Work required: Transcribe the full listing without changing a word, and omit its pictures.

----- Raw data -----

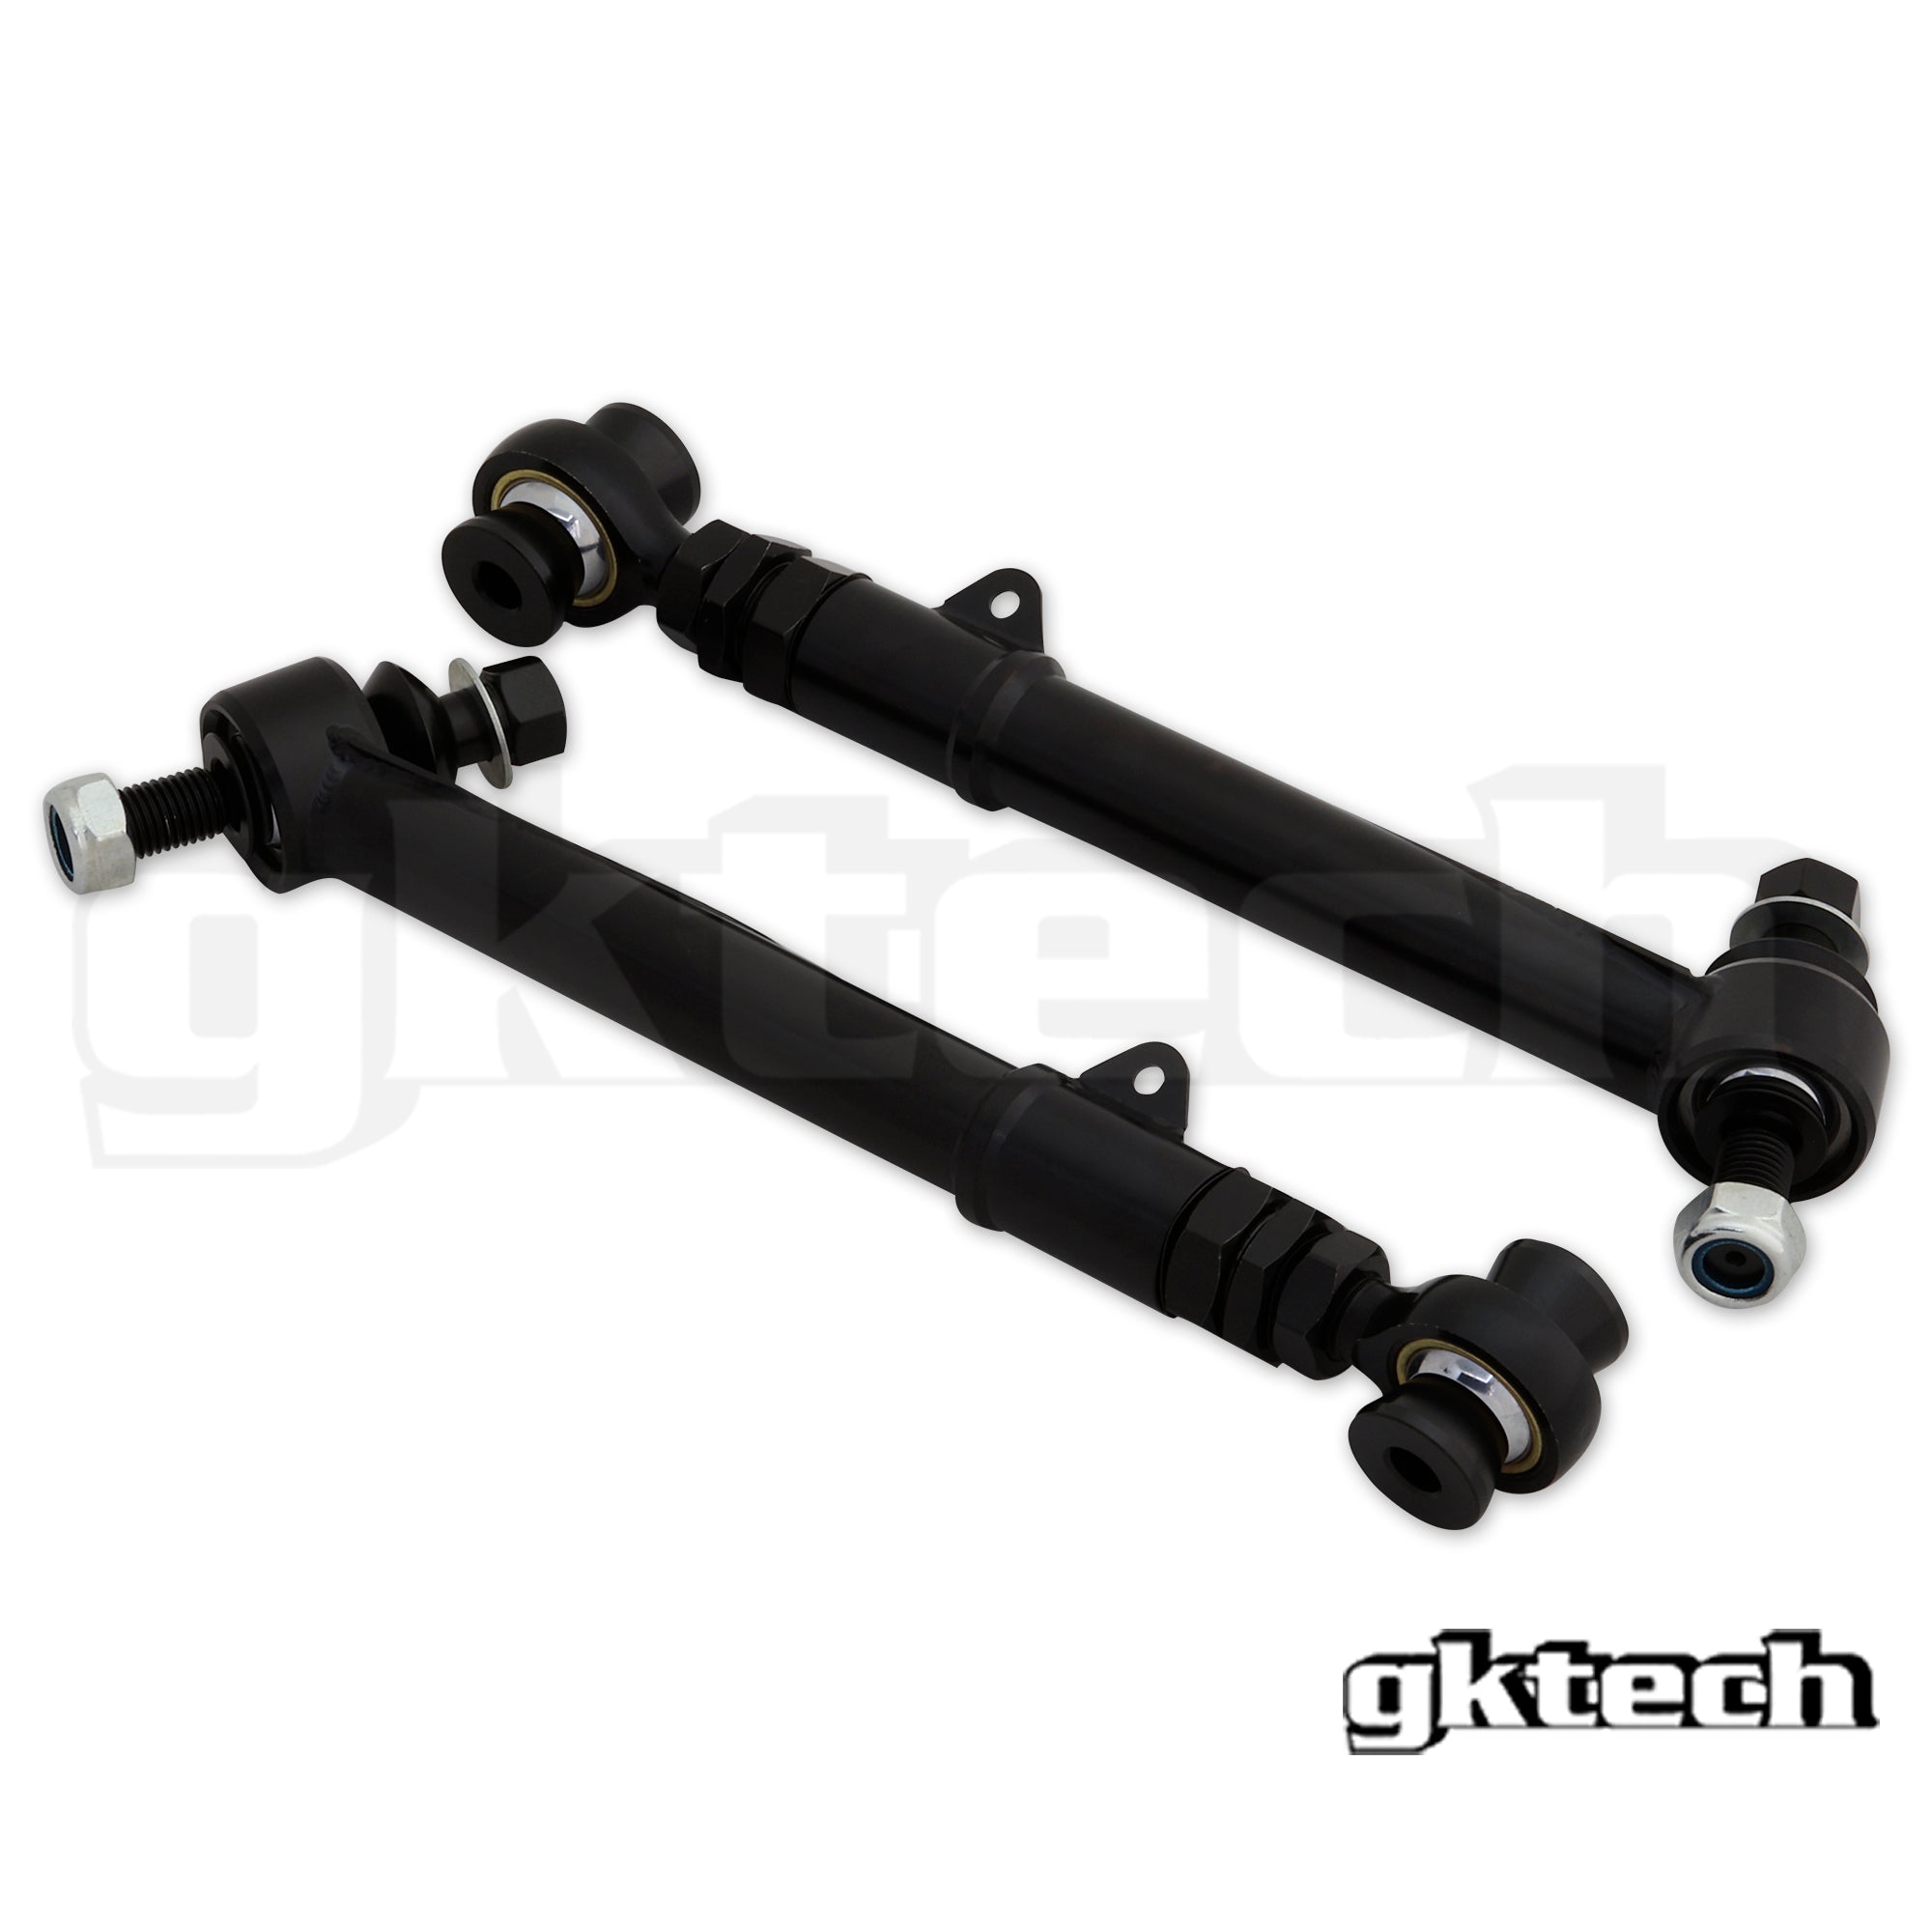 F8X M2/M3/M4 ADJUSTABLE FRONT LOWER TRAILING ARMS (PAIR)
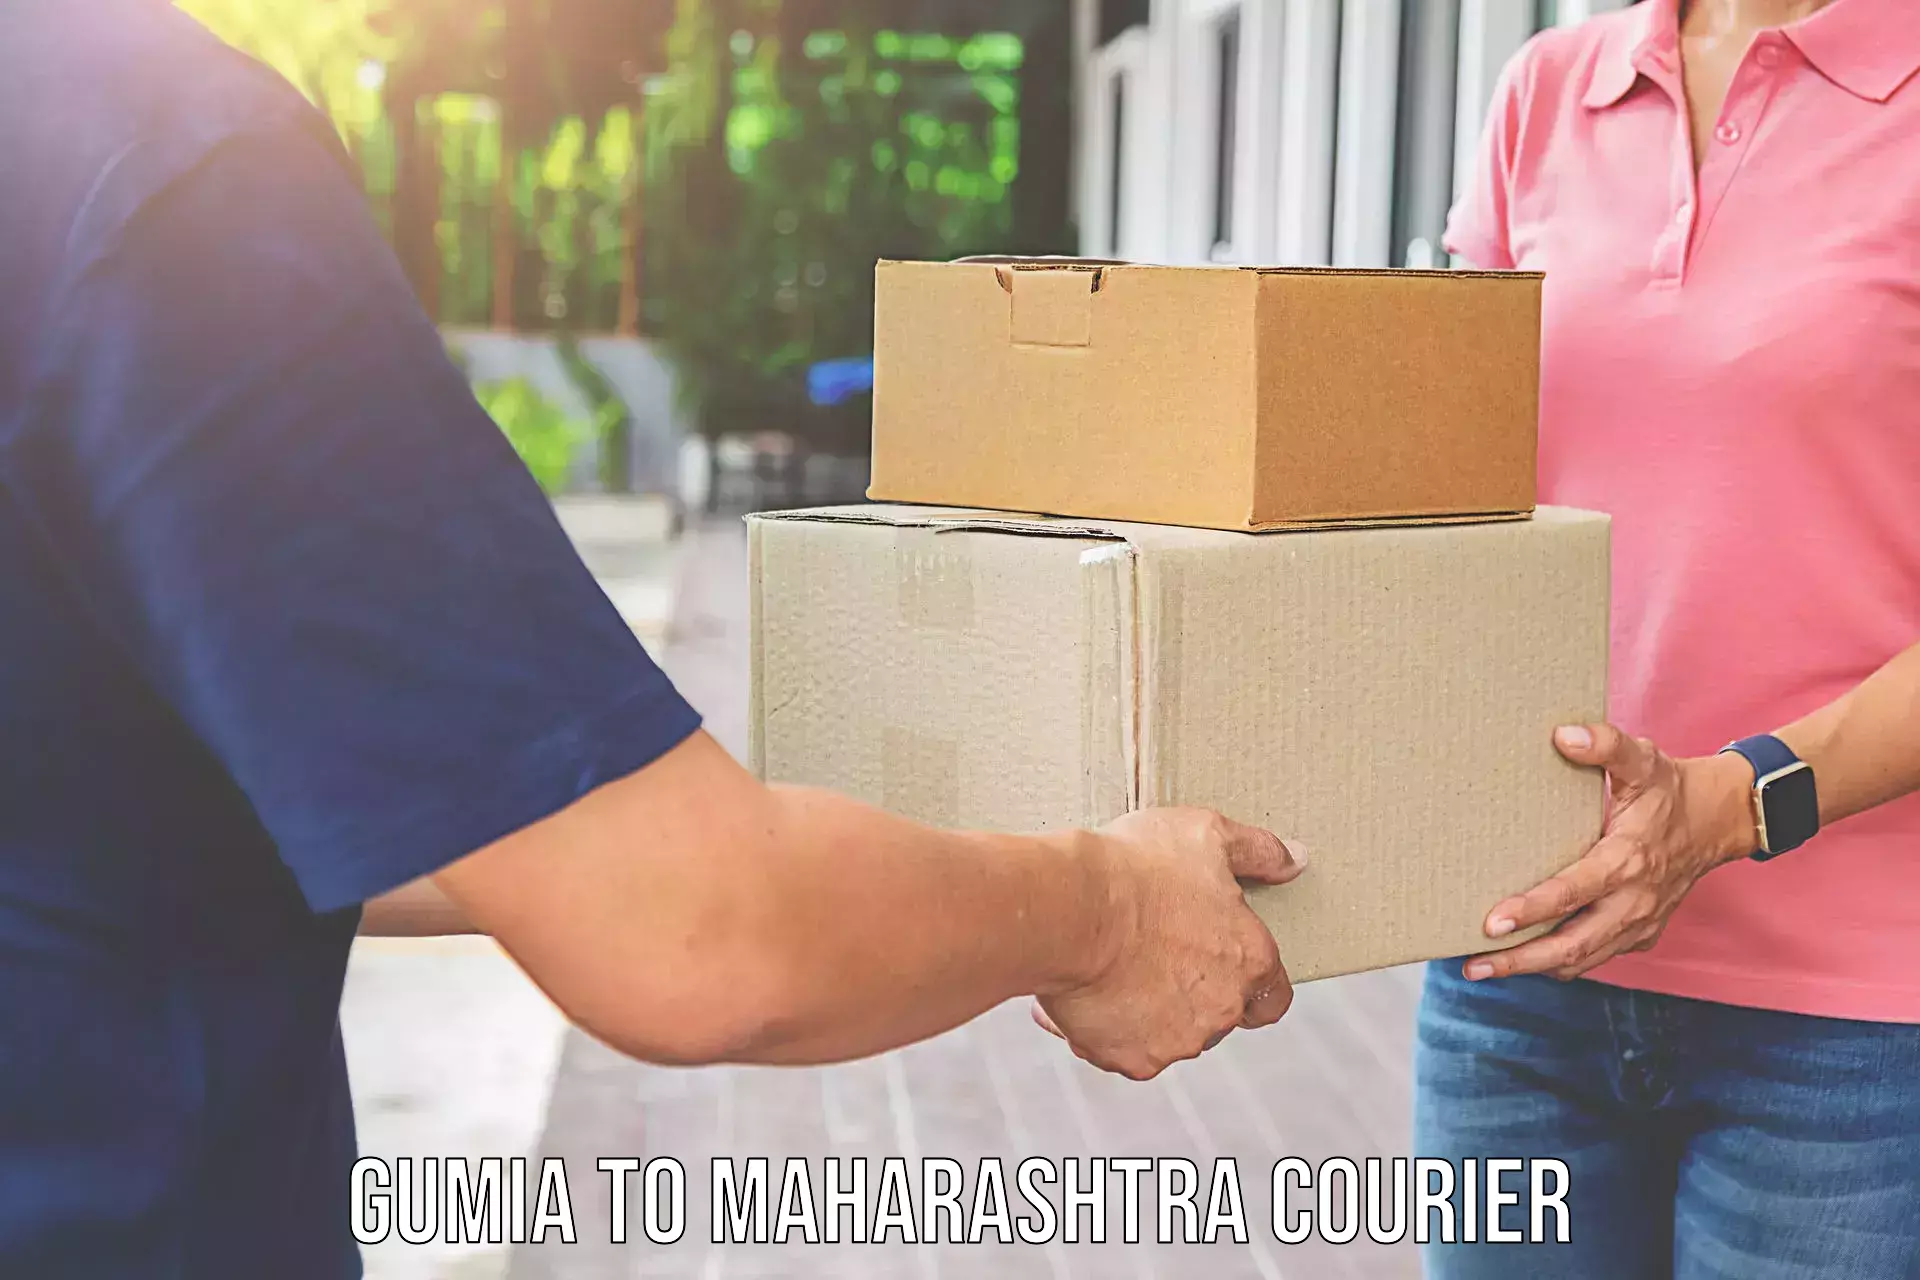 Professional home goods transport in Gumia to Maharashtra
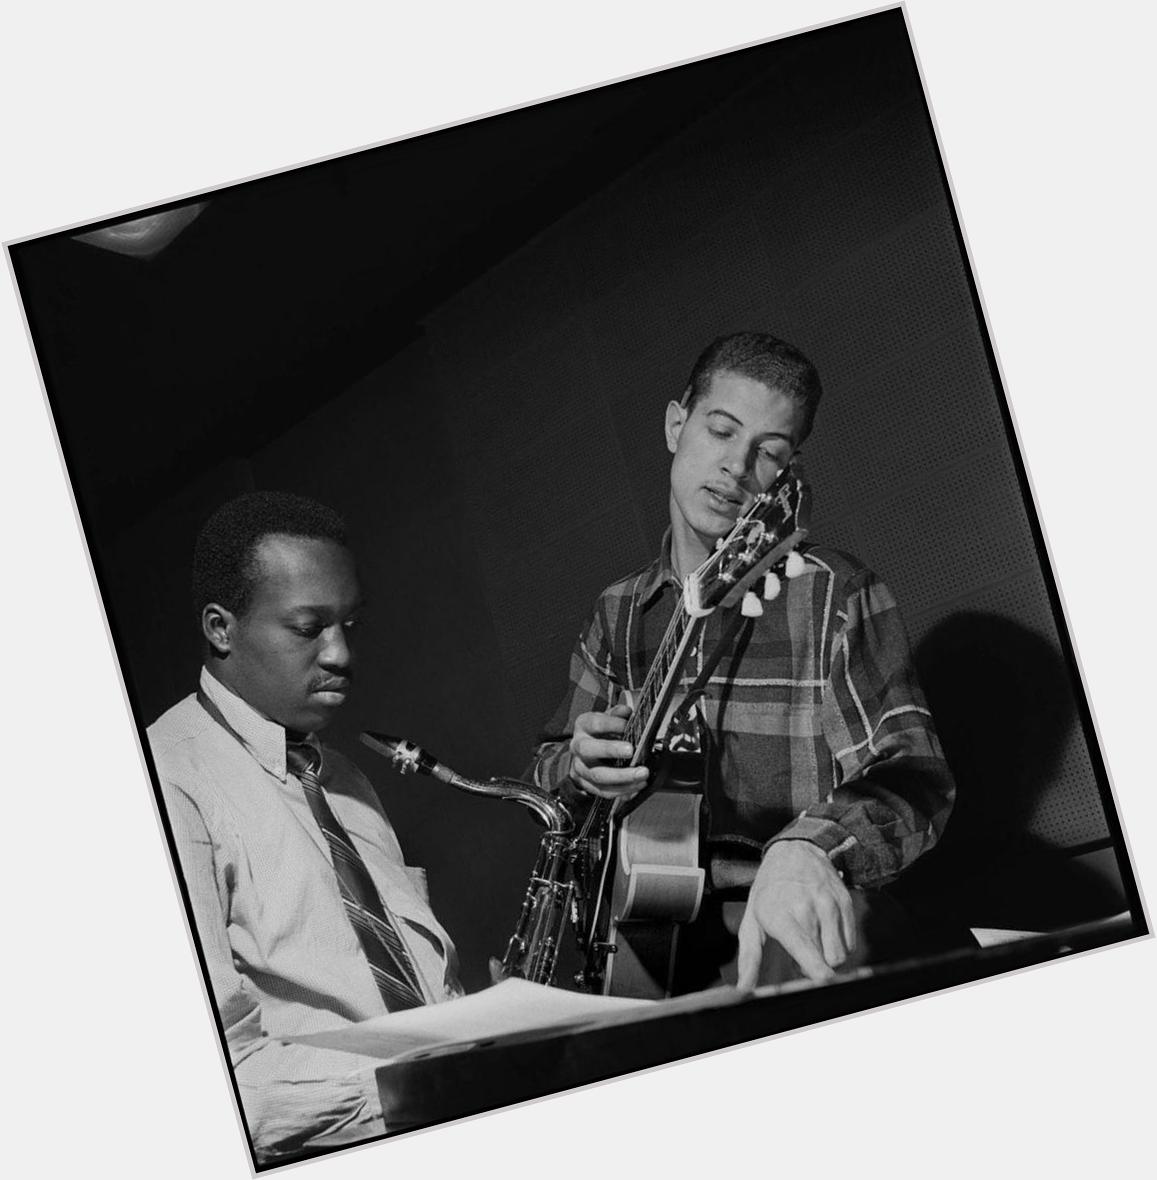 Happy Birthday Kenny Burrell [born July 31, 1931] pictured here with Hank Mobley

-----

Final answer:
 F8X M2/M3/M4 ADJUSTABLE FRONT LOWER TRAILING ARMS (PAIR)
 Professional home goods transport in Gumia to Maharashtra
 Happy Birthday Kenny Burrell [born July 31, 1931] pictured here with Hank Mobley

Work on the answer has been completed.